Ходят слухи, что Валерий Петрович когда-то сменил фамилию, понадеявшись, что новая поможет ему с партийной карьерой. При рождении, как утверждают знающие или выдающие себя за таковых языки, он получил вполне добротную фамилию – Зорькин, то есть сын солнечной зари. Сыном зари, а уж тем более – какой-то зорьки, Валерий Петрович быть не желал. А желал он блистать партийной и политической зоркостью. Однако ему уже сорок семь, а он так и сидит на заводе. Ни в городской, ни тем более в республиканский аппарат никто его не зовет. Он не понимает, за что ему такая беда. Пытается угадать, что делает не так. Удваивает бдительность. Утраивает энергию. Короче, никому не дает покоя. И все напрасно…
Не говоря больше ни слова, товарищ Зоркий направился к двери. Внезапно остановился как вкопанный у растущей в нашей комнате чалой березки. Мне показалось, он сейчас вырвет ее из ведра и бросится топтать.
Спектакль, однако, не состоялся. Товарищ Зоркий взял себя в руки. Огладил рукава пиджака и, задрав подбородок, исчез в дверном проеме.
– Да он и газету-то, похоже, не читает, – сказал Аркаша секунд через пять после того, как за парторгом закрылась дверь.
– А кто читает? – возразил Гога.
– Читает, – отрезал шеф. – Просто не вчитывается. Но худшее вовсе не это.
– А что?
– А то… Более всего в жизни нам мешают не препятствия, с которыми боремся, а наша вера в порядочность людей, от которых зависим. А нет в них порядочности. Нет. Тоска!
Борис Ильич подлил кружку воды оскорбившему парторговские очи деревцу. Покряхтывая, вернулся за стол. В этот момент он показался мне чуть ли не стариком: поникший, уставший от жизни-борьбы, почти дряхлый.
Шеф вздохнул еще пару раз и затих. Мое внимание вернулось к березке. У этого деревца с товарищем Зорким также вышла вражда.
Еще пару месяцев назад оно росло на крыше одного из сборочных цехов, на которую выходят окна нашей комнаты. Битум крыши пытался извести его. Совсем как парторг – Бориса Ильича. Деревце цеплялось за наносы пыли и удивительным образом выживало.

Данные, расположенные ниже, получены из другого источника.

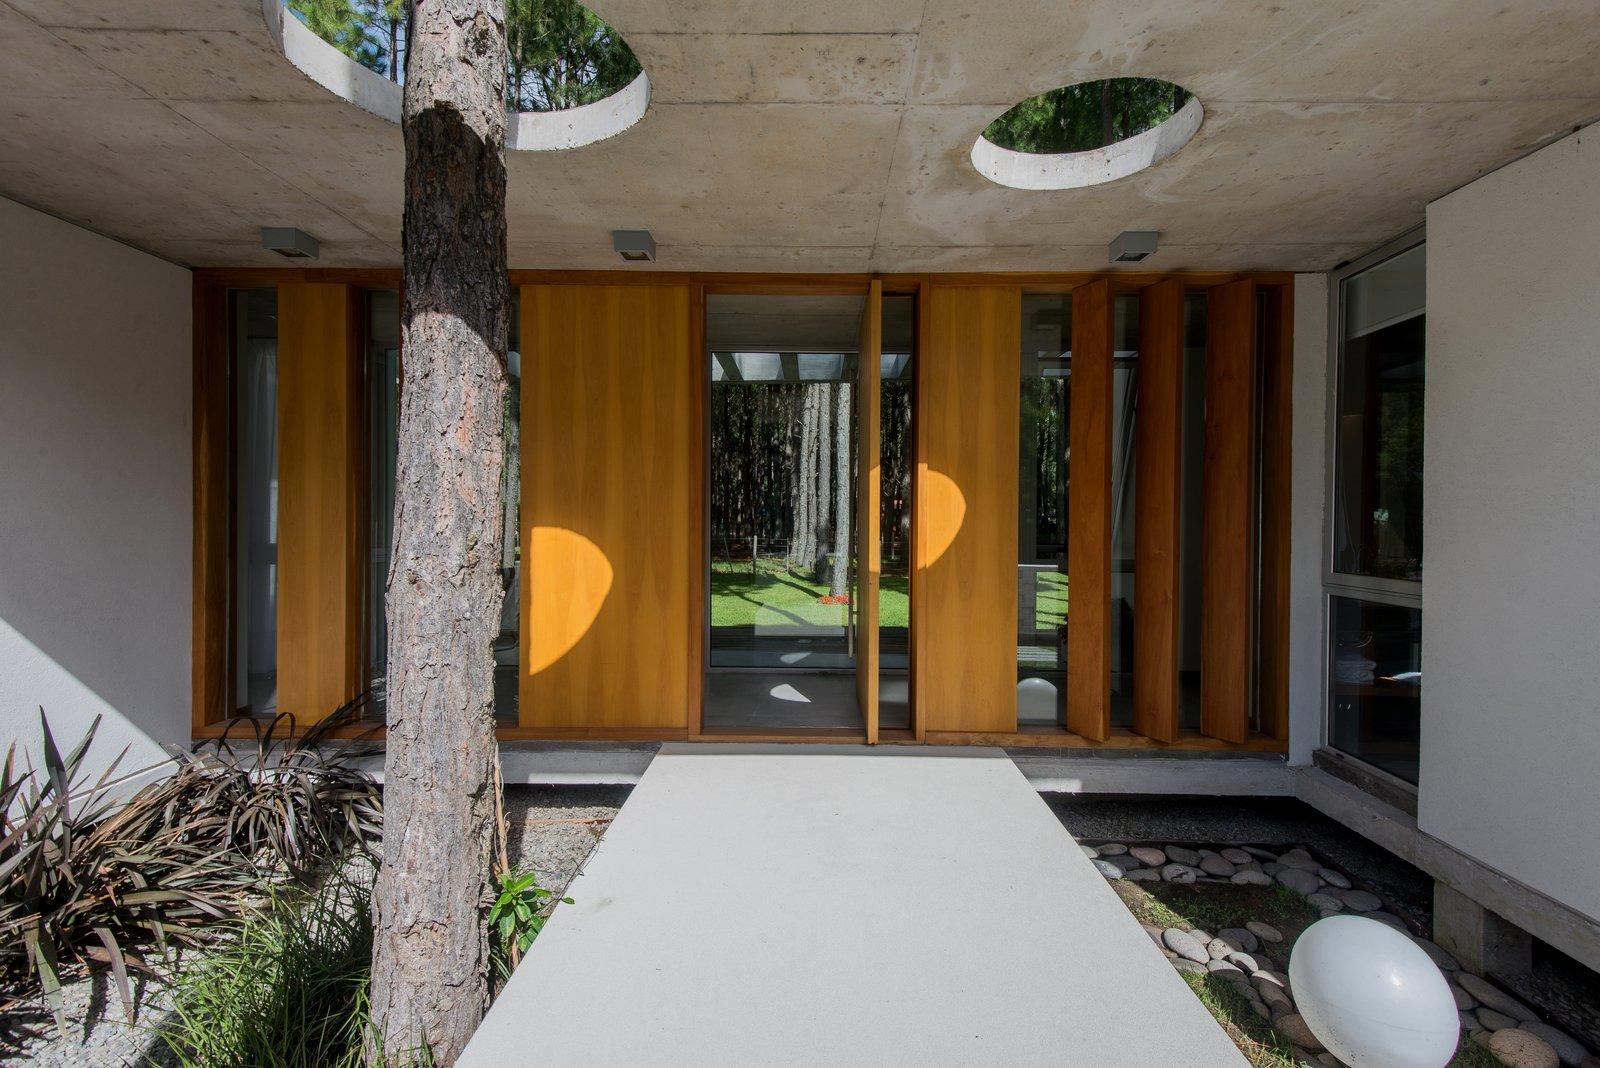 Tagged: Outdoor, Front Yard, Trees, Wood Patio, Porch, Deck, Concrete Patio, Porch, Deck, and Stone Patio, Porch, Deck.  Casa Batin by Estudio Galera
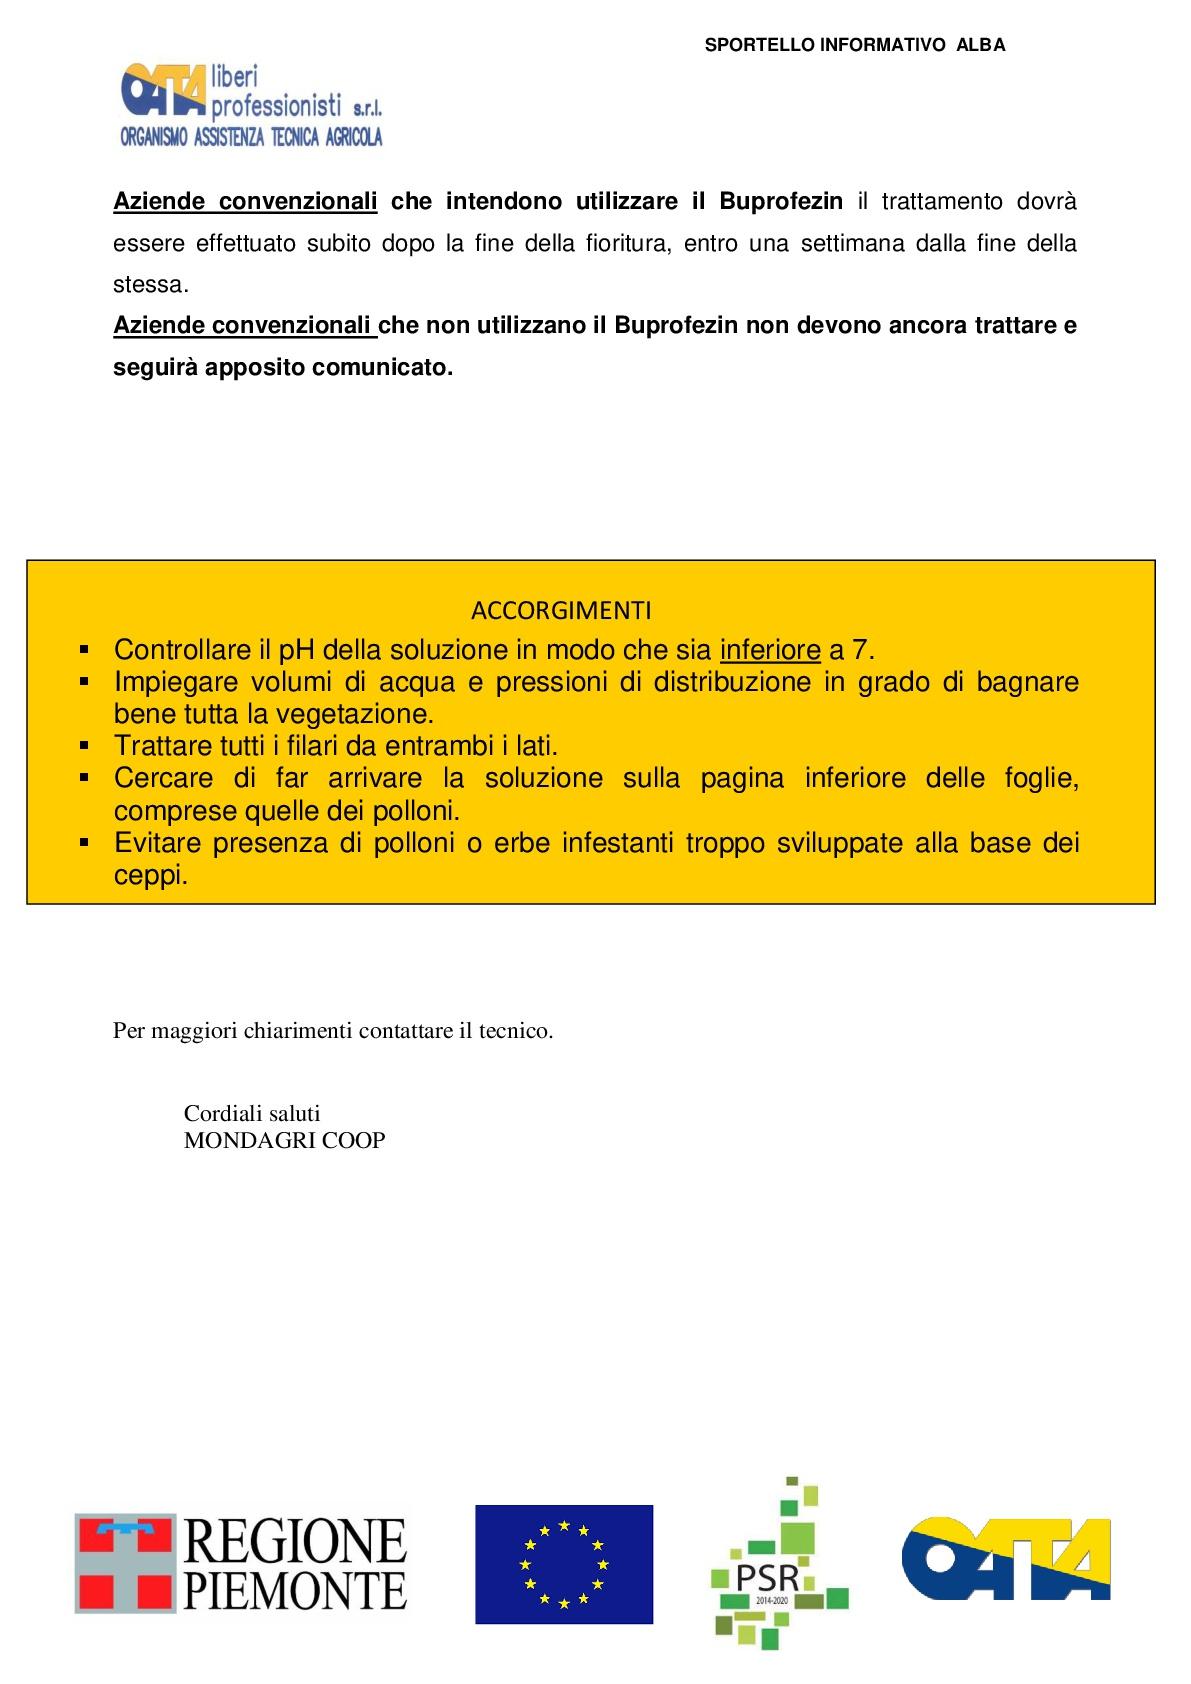 bollettino-vite-6-2017-003

Однажды его узрел товарищ Зоркий.
– Что это? – воскликнул он. – Что за непорядок? Товарищ Зинин, попрошу убрать эту березу силами вашего коллектива.
– Ей и так тяжело, – возразил Борис Ильич. – Что ж ей – и пожить не дать? Да и вообще… вы не в свое дело уже лезете.
– Не в свое дело лезу?! – зарычал парторг и полез в окно.
Одним рывком он вырвал деревце. Отряхнул руки. Довольный собой, проследовал из комнаты.
Борис Ильич провел в неподвижной задумчивости несколько минут. После чего тоже вышел.
Вернулся он минут через двадцать. В руках у него оказалось ведро с землей. Аркаша перелез через подоконник и принес уже подвядшую на майской жаре березку.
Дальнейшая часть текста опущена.